To reduce affordability barriers, expanding government social assistance programmes to cover transportation and healthcare costs is critical. Addressing the stigma surrounding TB and COVID-19 through public health campaigns and enhancing healthcare workers’ cultural competence and patient centredness is essential to improving the acceptability of TB services. Implementing these recommendations will strengthen the resilience of the South African health system, ensuring uninterrupted TB care during future health crises.
Conclusion
All five aspects of access to TB care in South Africa – availability, accessibility, accommodation, affordability and acceptability – have been aggravated by the COVID-19 pandemic. Access to care was hampered by travel restrictions and transportation problems, and availability was impacted by overburdened systems, uneven infection control and limited healthcare resources.
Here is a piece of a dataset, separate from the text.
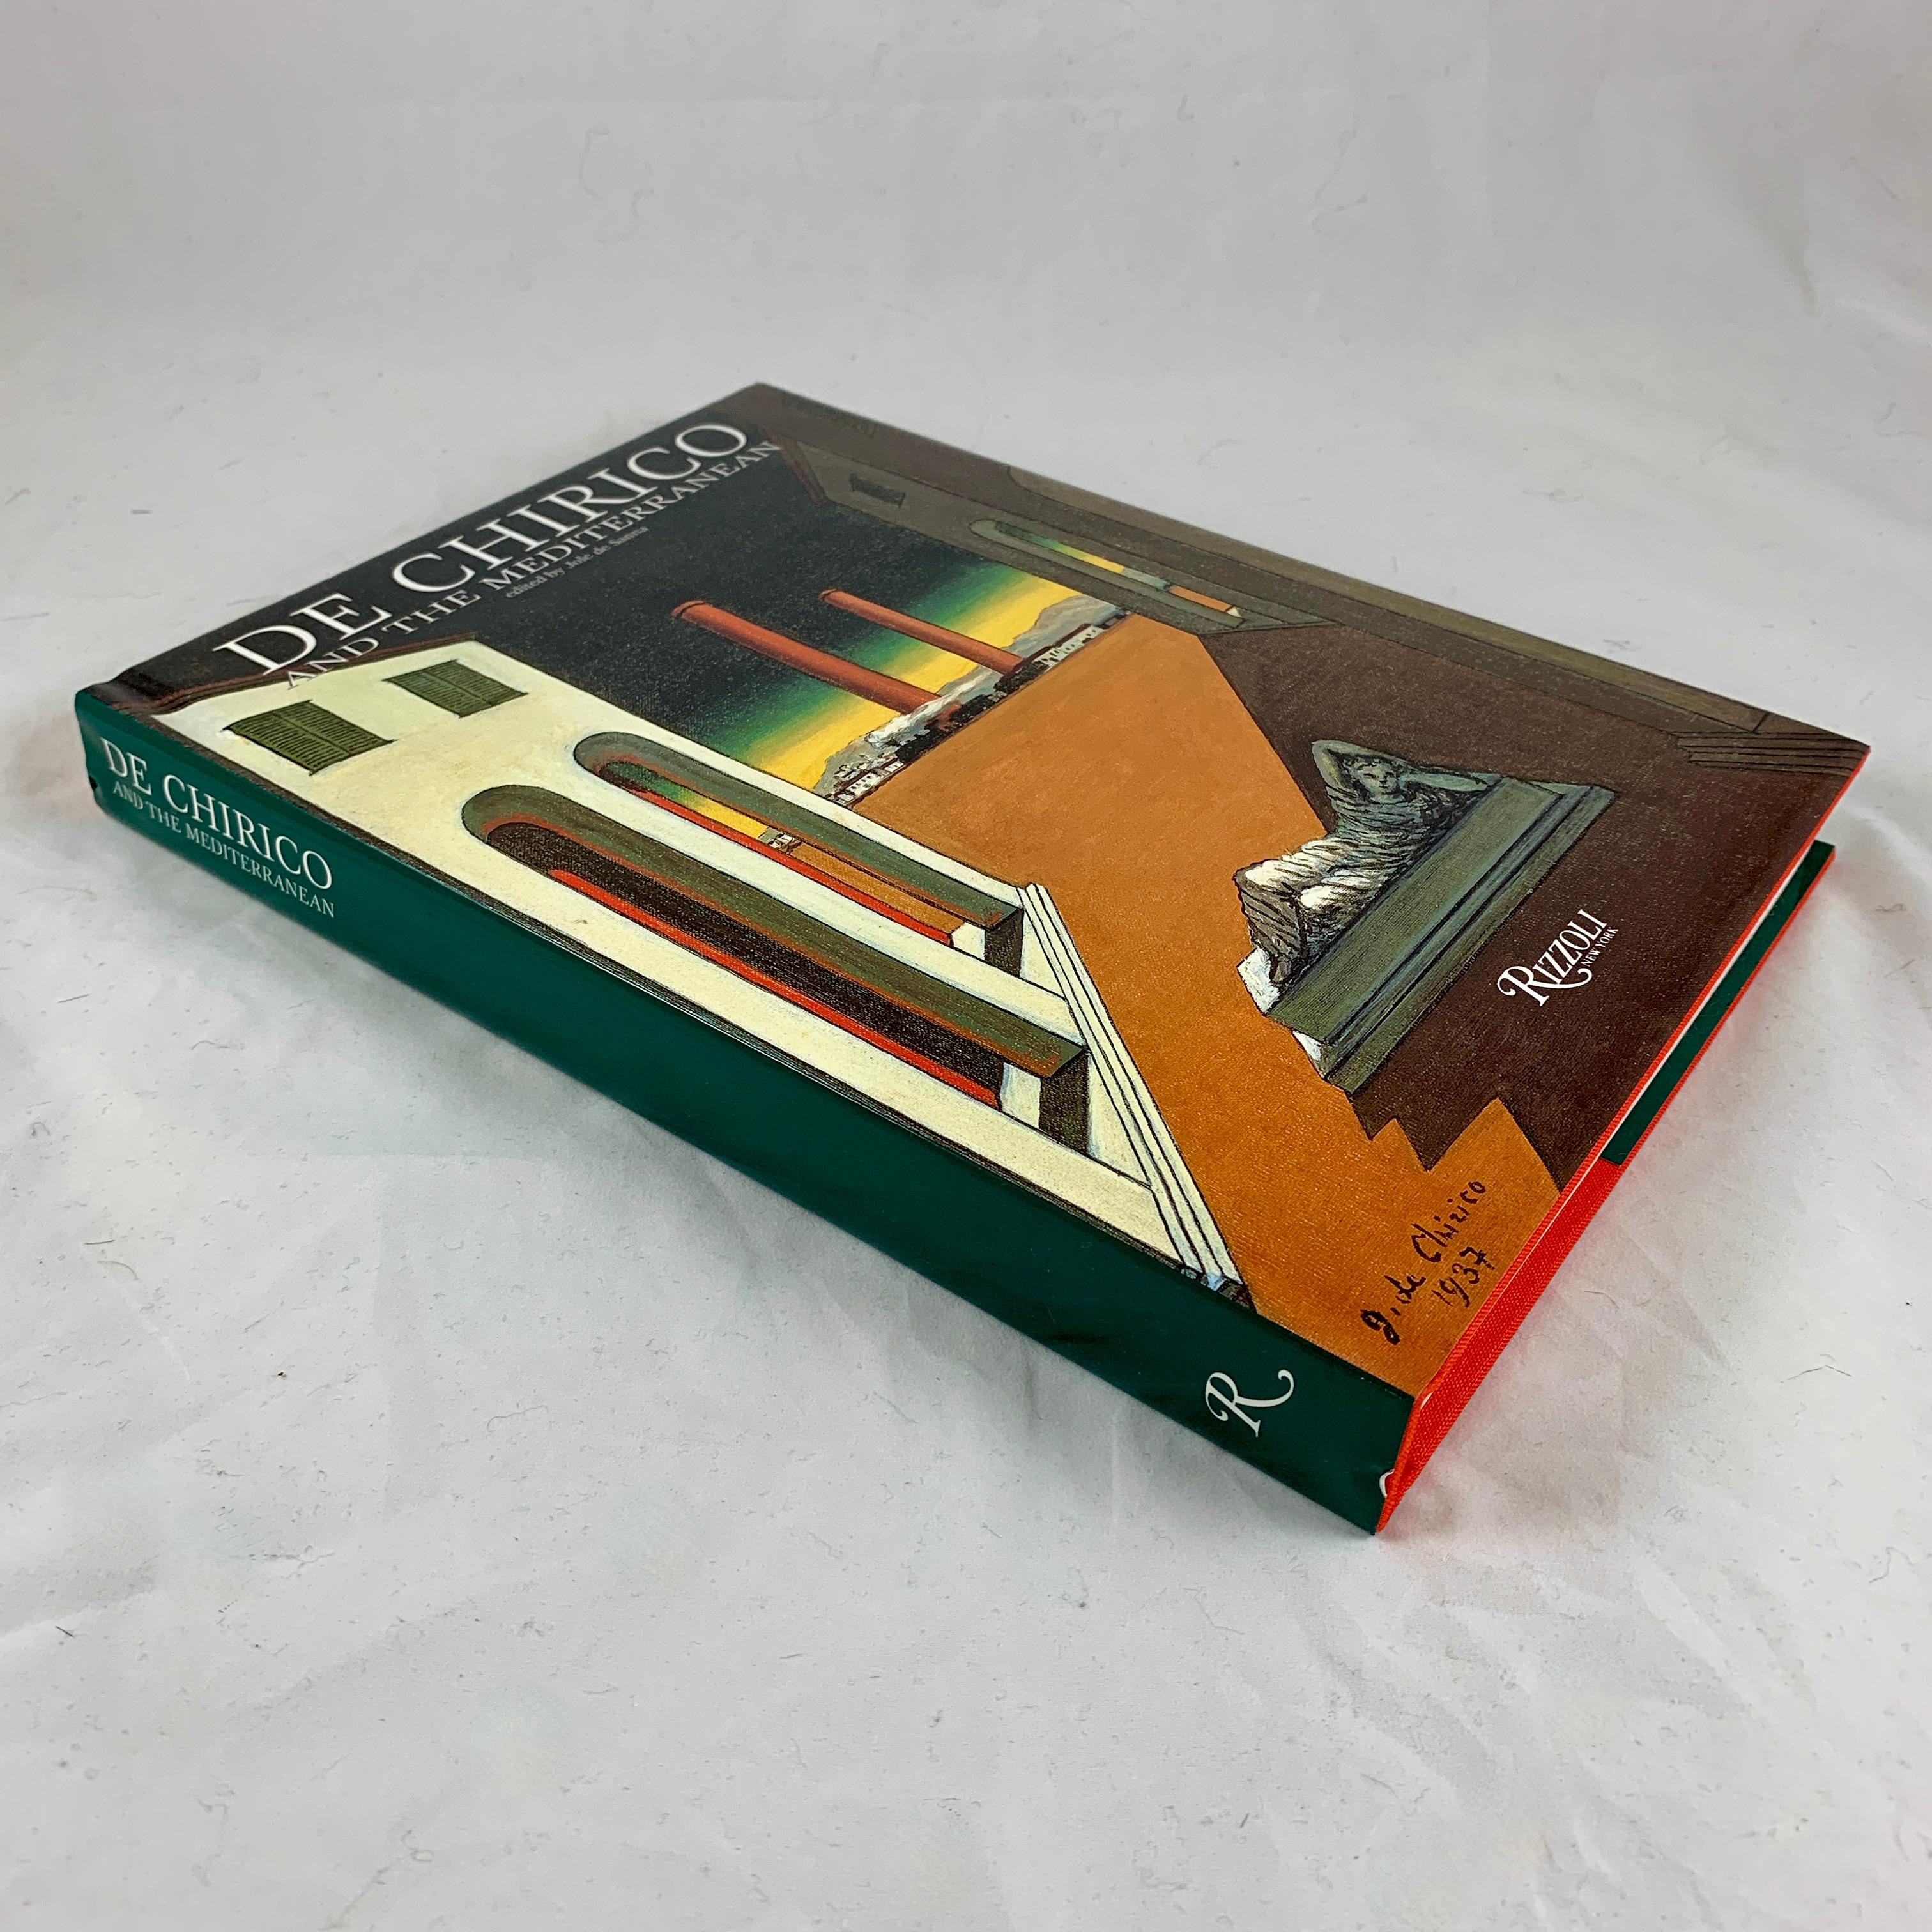 The Greek-born Italian painter Giorgio de Chirico (1888-1978) was a master of metaphysical painting. His use of fantastic and dream imagery creates a surreal, sometimes disturbing landscape. This fully illustrated catalogue, published on the

Healthcare facilities found it difficult to treat TB patients since they gave priority to COVID-19 cases, and the cost of transportation and lost earnings worsened affordability. Many people felt discouraged from seeking care because of the stigma associated with both COVID-19 and tuberculosis. In order to overcome these obstacles and guarantee that TB services are always available, affordable and accessible – especially in the event of future health emergencies – South Africa has to reinforce its healthcare system, enhance resource management and lessen stigma.